No entanto, se queremos servir a sopa no prato, não começamos pelas beiradas. A sopa quente se coloca no centro. Aliás, se a lançamos nas beiradas, ela corre para o centro.
Analogamente, se desejamos construir uma casa, não podemos contentar-nos com um alicerce medíocre, na esperança de que no futuro a construção se torne sólida. Como a edificação não tem tendência de se solidificar por si só, é preciso tomar cuidado para que o alicerce seja o mais firme possível.

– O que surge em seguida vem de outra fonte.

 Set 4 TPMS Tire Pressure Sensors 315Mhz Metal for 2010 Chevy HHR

Qualquer falha na fundação pode ser fatal.
Em nossa luta pela cultura da vida, nem sempre podemos utilizar as mesmas táticas que as de nossos adversários.

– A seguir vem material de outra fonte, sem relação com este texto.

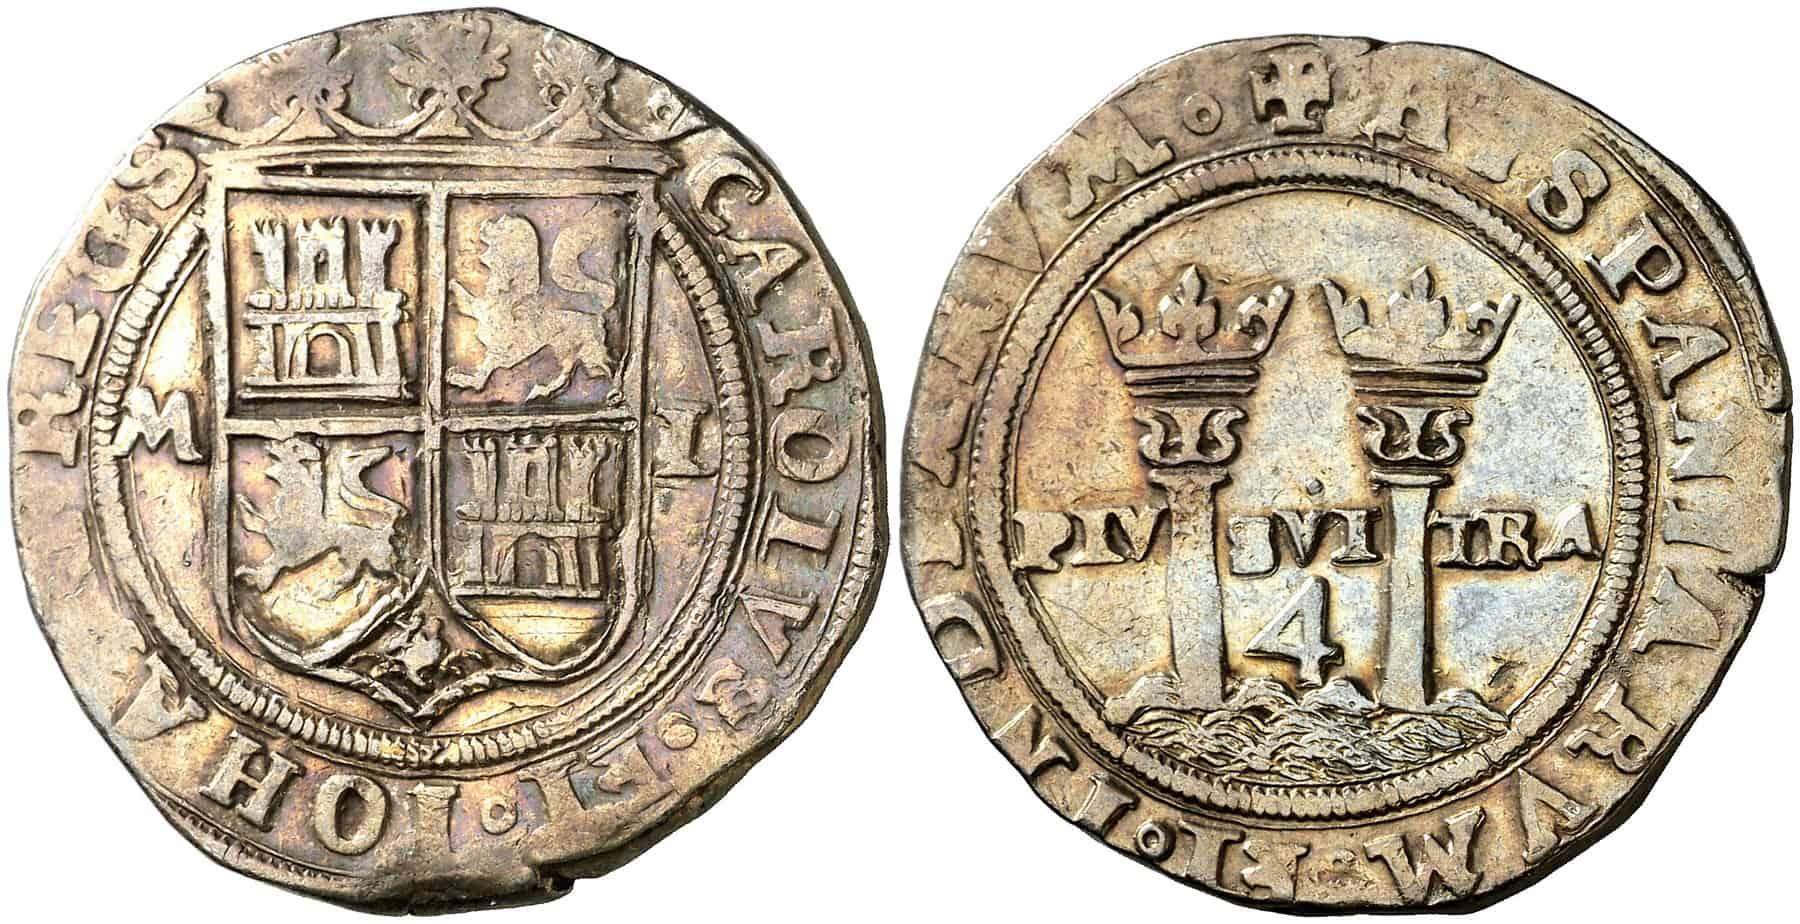 Imagen 13. 4 reales México

Os fautores da cultura da morte têm a seu favor a tendência natural do homem a se corromper, a dificuldade de enxergar sua própria fraqueza e a ilusão de que é possível aceitar uma pequena corrupção sem se corromper mais ainda.
Nós, porém, que estamos lutando para construir e não para destruir, para dar a vida e não para matar, não podemos esperar que avançaremos “aos poucos”, de mediocridade em mediocridade, cedendo aqui e lá na solidez do edifício. Não há uma simetria perfeita entre os meios que nossos adversários usam e aqueles que nós podemos usar, seja por motivos morais, seja por motivos estratégicos.
Há valores inegociáveis
Quando em 2006, Bento XVI discursou aos participantes do Congresso promovido pelo Partido Popular Europeu, destacou que nem tudo pode ser decidido por votação. Há valores não negociáveis, que cabe ao homem apenas reconhecer e respeitar:
Quanto à Igreja Católica, o interesse principal de suas intervenções na arena pública é a defesa e a promoção da dignidade da pessoa, e assim ela reclama conscientemente uma particular atenção aos princípios que não são negociáveis. Entre estes últimos, hoje emergem particularmente os seguintes:
— defesa da vida em todas as suas fases, do primeiro momento da concepção até à morte natural;
— reconhecimento e promoção da estrutura natural da família, qual união entre um homem e uma mulher baseada sobre o matrimônio, e a defesa contra as tentativas de torná-la juridicamente equivalente a formas radicalmente diversas de uniões que, na realidade, danificam-na e favorecem a sua desestabilização, obscurecendo o seu caráter particular e o seu insubstituível papel social.
— a defesa do direito dos pais de educar os próprios filhos.[3]
PEC da Vida torna-se PEC da Morte
Com as concessões feitas pelo senador Eduardo Girão, a PEC 29/2015 tornou-se a PEC da Morte. Como seria bom se ele e seus aliados se conservassem intransigentes na defesa da vida e da verdade e coubesse a nós pedir aos outros parlamentares que apoiassem sua proposta…
Como, porém, a PEC da Vida sofreu um giro de 180º (um “girão”), não nos resta senão alertar ao senador para que desperte do delírio que está sofrendo, que pode ser fatal para a nação brasileira.
Ligue para o gabinete do Senador Eduardo Girão [(61) 3303-6677 / 6678 / 6679] ou envie-lhe uma mensagem [sen.eduardogirao@senado.leg.br] manifestando a sua perplexidade:
“Senador, não permita que a PEC da vida contenha ressalvas. A vida é inegociável”.
Anápolis, 06 de maio de 2019.
Pe. Luiz Carlos Lodi da Cruz
Presidente do Pró-Vida de Anápolis.
[1] Cf. SENADO NOTÍCIAS. PEC que proíbe aborto pode ser emendada para incluir as exceções da lei atual. 15/02/2019, 18h36. Disponível em: https://www12.senado.leg.br/noticias/materias/2019/02/15/pec-que-proibe-aborto-pode-ser-emendada-para-incluir-as-excecoes-da-lei-atual.
Emenda deve assegurar legalidade do aborto nos casos já previstos em lei. 18/02/2019, 17h46. Disponível em: https://www12.senado.leg.br/noticias/audios/2019/02/emenda-deve-assegurar-legalidade-do-aborto-nos-casos-ja-previstos-em-lei. Acesso em 03 maio 2019.
[2] Art. 60, § 4º, CF: Não será objeto de deliberação a proposta de emenda tendente a abolir:
IV – os direitos e garantias individuais.